Earlier, Anwar’s lawyers had expressed some doubts that the Opposition Leader would apply for a Pardon and stressed that he continues to maintain that he was innocent of the charges.
A Petition for Pardon would delay Anwar’s disqualification as Permatang Pauh MP.
Anwar’s eldest daughter Nurul Izzah Anwar was reported in Malay Mail Online as confirming that the family was seeking the Pardon from the Agong, on Anwar’s behalf, and there’s a precedent for this.
She cited the case of DAP’s father-and-son team Lim Kit Siang and Lim Guan Eng who had submitted a similar Petition when they were in prison.
She was apparently speaking from Parliament where she was submitting the letter on the Petition on the Pardon to Dewan Rakyat Speaker Pandikar Amin Mulia.
In the absence of a Petition, Anwar can be barred from being a federal lawmaker 14 days from February 10, based on Article 48 Clause 4 (a) of the Federal Constitution.
Nurul Nuha confirmed, in a statement, that the Petition for the Pardon had been submitted to Istana Negara for the Agong’s attention.
“An appeal for a royal pardon has been submitted. The courts may have pronounced a guilty verdict but our father, and we as a family continue to state that he is innocent,” she said in the statement. “By virtue of Article 42 of the Federal Constitution, we hope that the Royal institution would in the name of justice based on the entire facts grant an appeal.”
The family, she stressed, she said would continue to pursue and exhaust all available legal means to free Anwar.
PKR veteran Sivarasa Rasiah, one of Anwar’s lawyers, said on Monday the legal team will apply for a review of the decision under Rule 137 of the Federal Court Rules as a judicial review was not possible for a criminal conviction.

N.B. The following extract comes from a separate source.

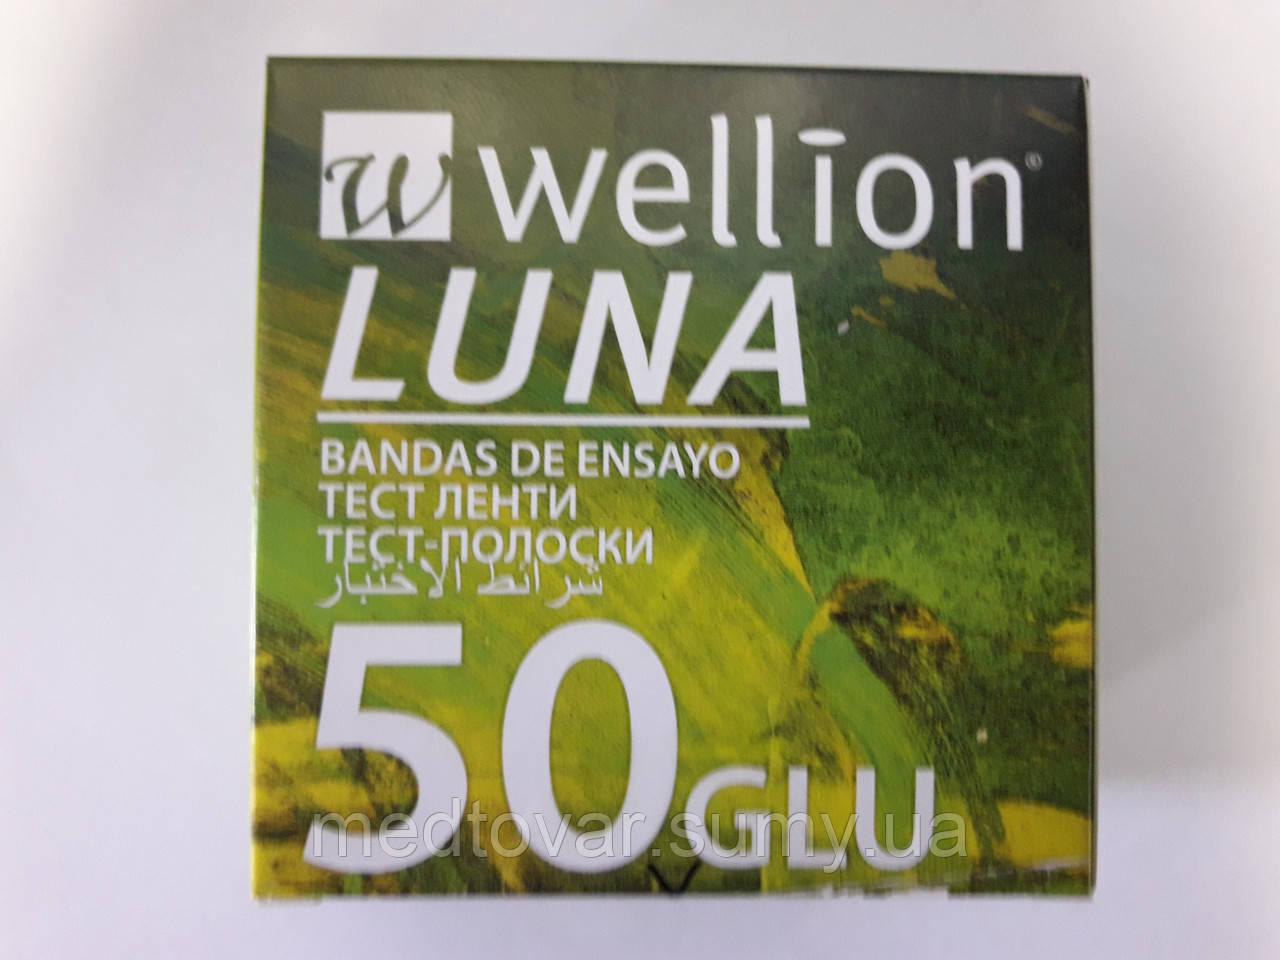 Тест-полоски Wellion Luna 50 шт.

The Federal Court, on February 10, saw no reason to interfere with an earlier Court of Appeal decision to convict Anwar on a sodomy charge and sentence him to five years in jail.
The Bar Council, in an initial reaction, said that Anwar had been convicted of a victimless offence and implied that there was no law on this.
On the role and function of the Yang di-Pertuan Agong and the State Rulers, the Federal Constitution is largely fashioned on the British model but with local adaptations, according to Law Professor Shad Faruqi in an advisory written in 2006 for Australian journalists who raised the case of Anwar.
“The Agong has the power to grant pardons, reprieves and respites. On any constitutional question, he can refer a matter to the Federal Court for the court’s advisory opinion.”
The British Queen’s judicial powers are now very minimal and there is only really one which is used on a regular basis, with others having been delegated to judges and parliament through time:
Royal Pardon – The Royal Pardon was originally used to retract death sentences against those wrongly convicted. It is now used to correct errors in sentencing and was recently used to give a posthumous pardon to WW2 codebreaker, Alan Turing.